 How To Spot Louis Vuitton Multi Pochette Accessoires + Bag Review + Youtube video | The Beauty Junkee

══════════════════════════════

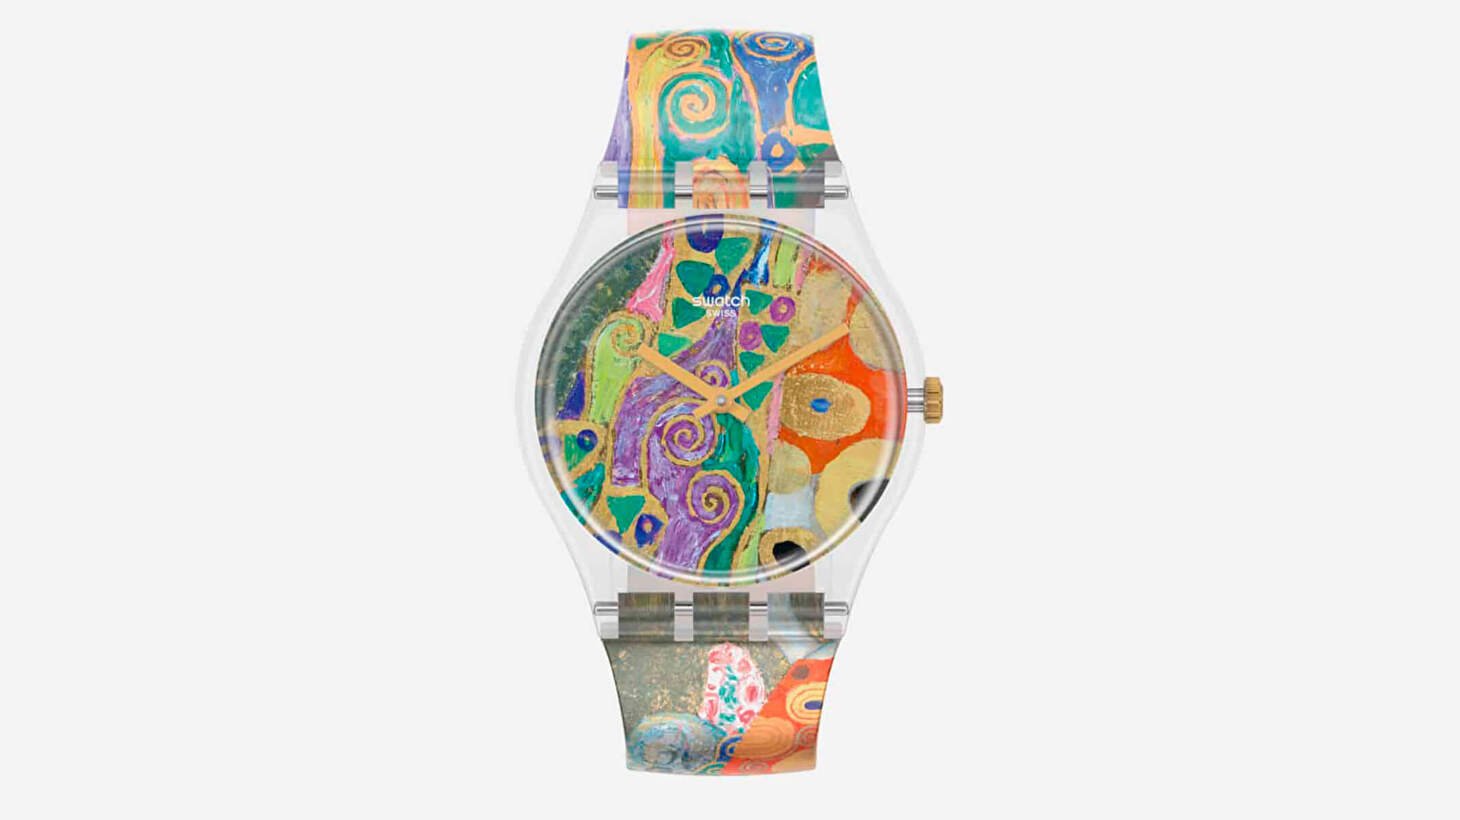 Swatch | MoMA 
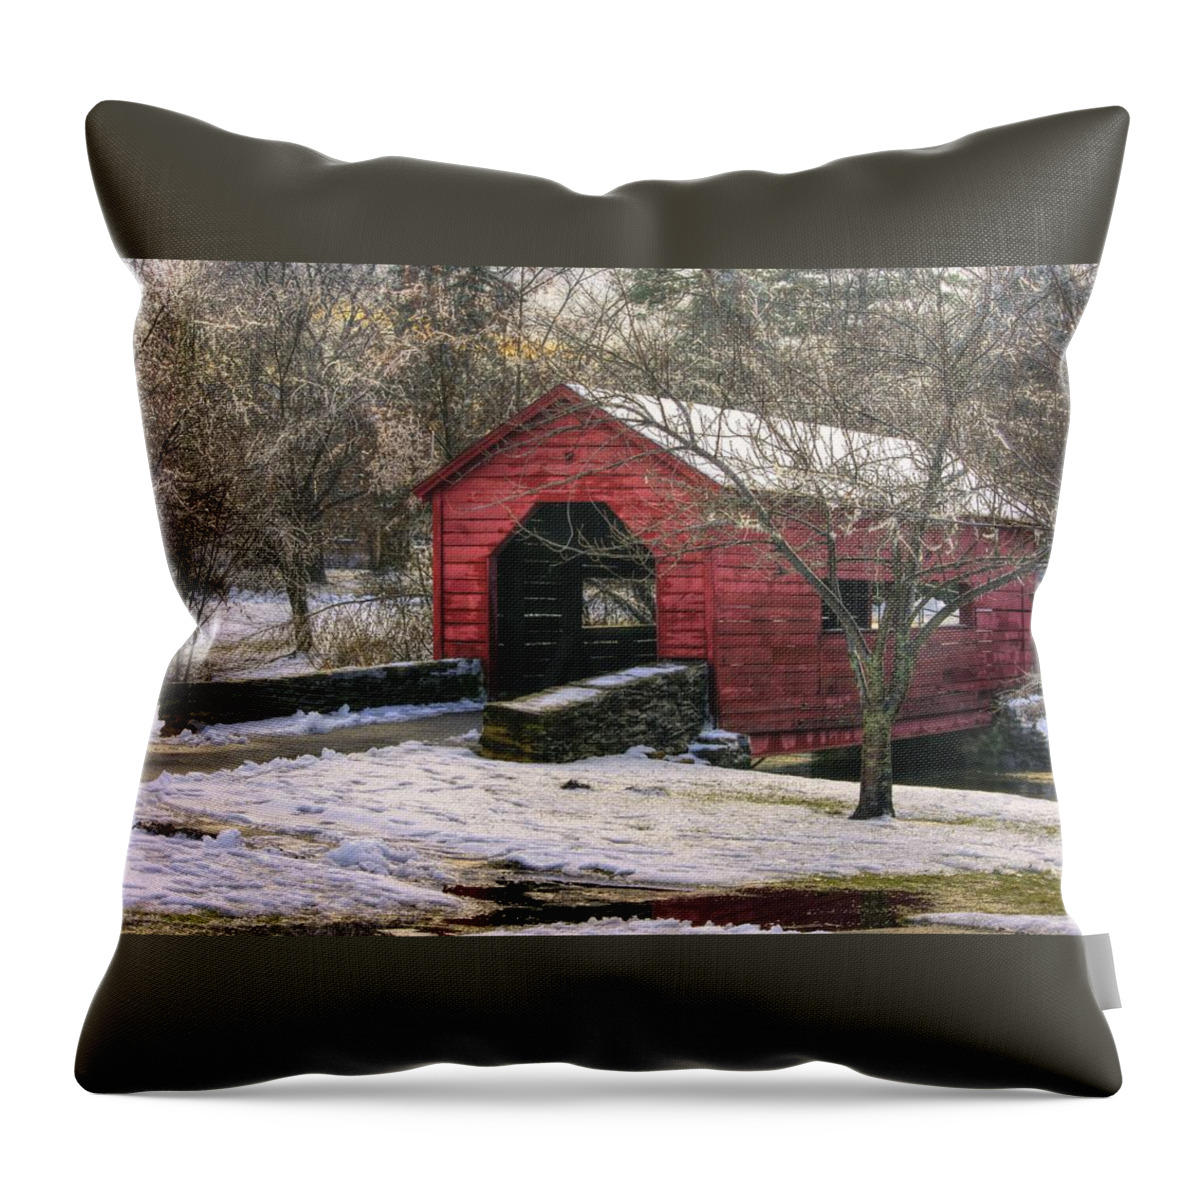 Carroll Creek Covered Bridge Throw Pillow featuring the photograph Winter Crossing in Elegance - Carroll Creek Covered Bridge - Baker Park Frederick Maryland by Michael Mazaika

══════════════════════════════

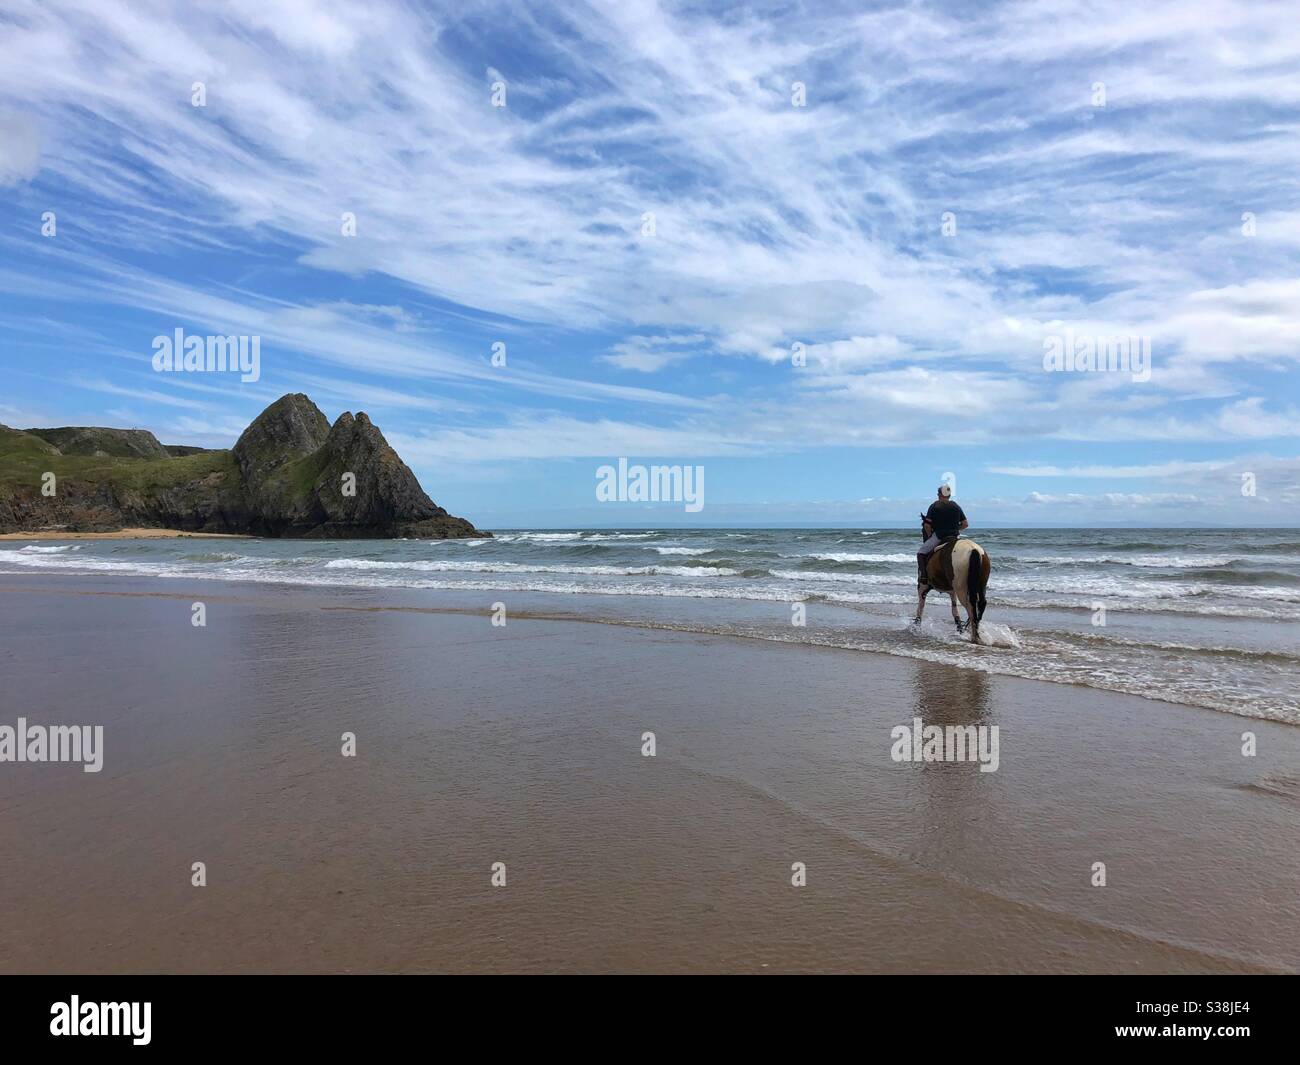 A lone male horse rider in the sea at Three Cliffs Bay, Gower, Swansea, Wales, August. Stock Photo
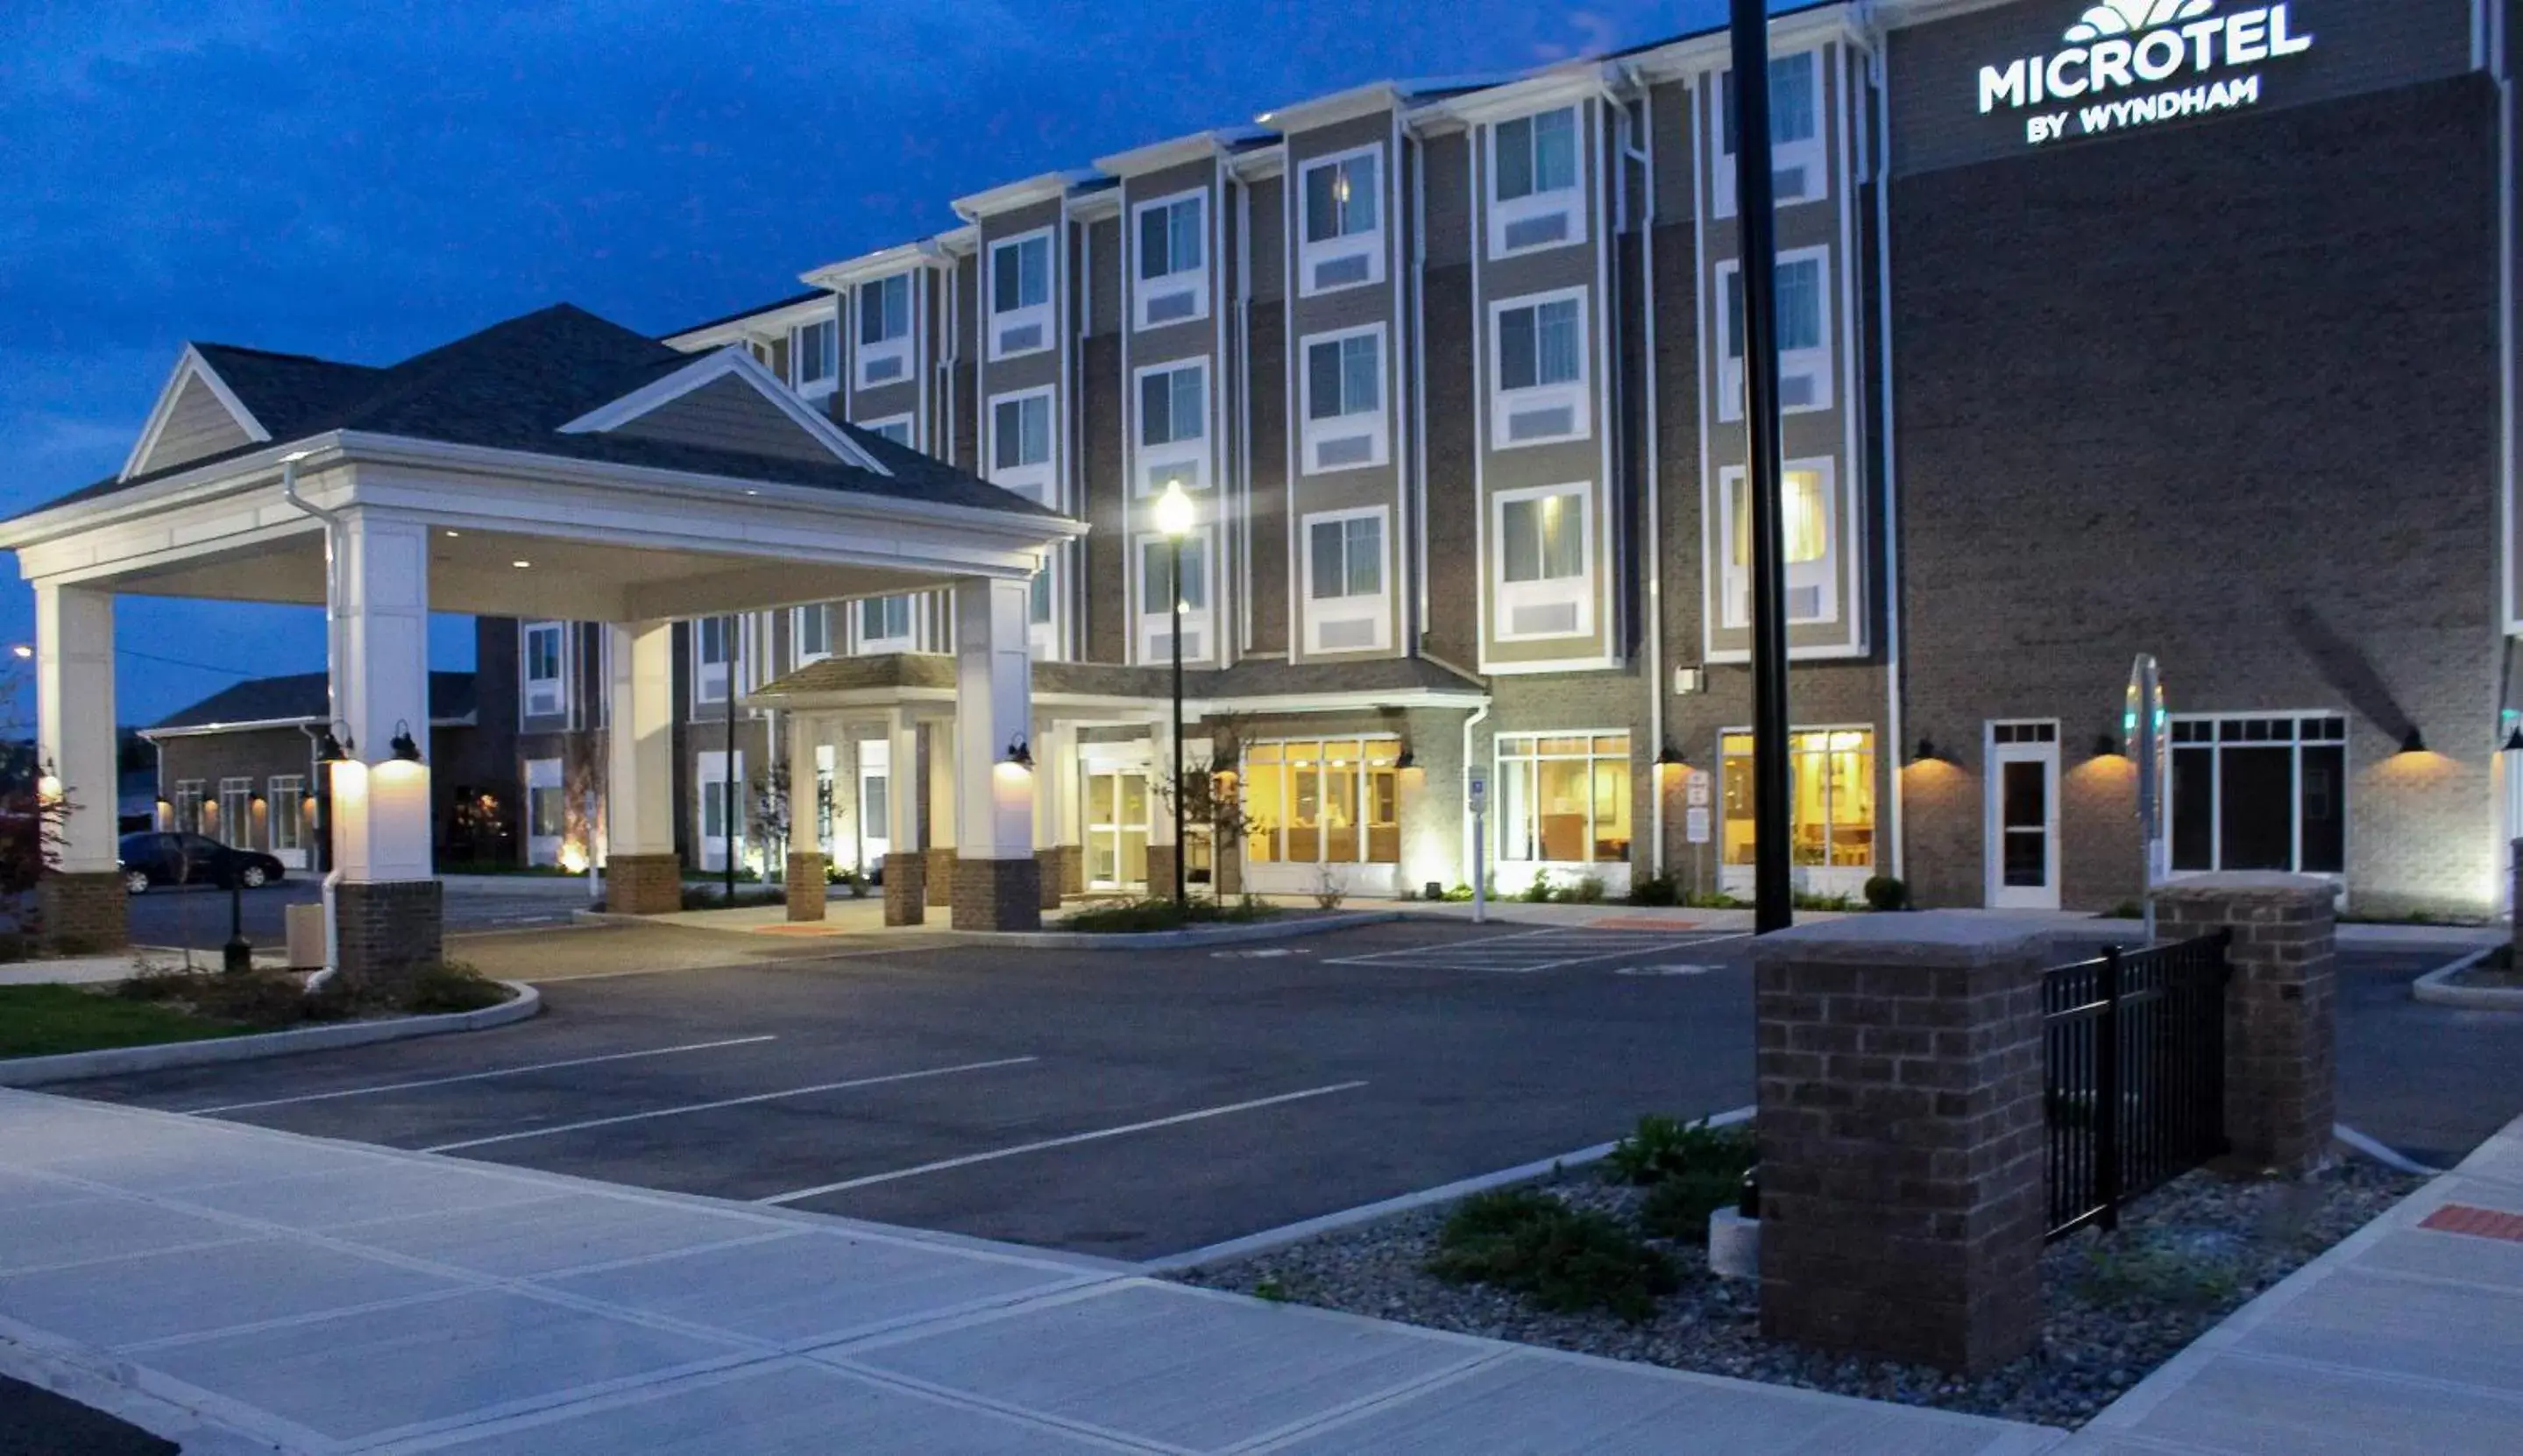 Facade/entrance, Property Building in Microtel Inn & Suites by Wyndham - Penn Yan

══════════════════════════════

**PROBLEM DESCRIPTION:** Going back to the data above, write out everything from the line with "A lone male" down to the line with "Facade/entrance, Property Building", both included, leaving every picture out.

**FINISHED EXERCISE:**
 A lone male horse rider in the sea at Three Cliffs Bay, Gower, Swansea, Wales, August. Stock Photo
 Facade/entrance, Property Building in Microtel Inn & Suites by Wyndham - Penn Yan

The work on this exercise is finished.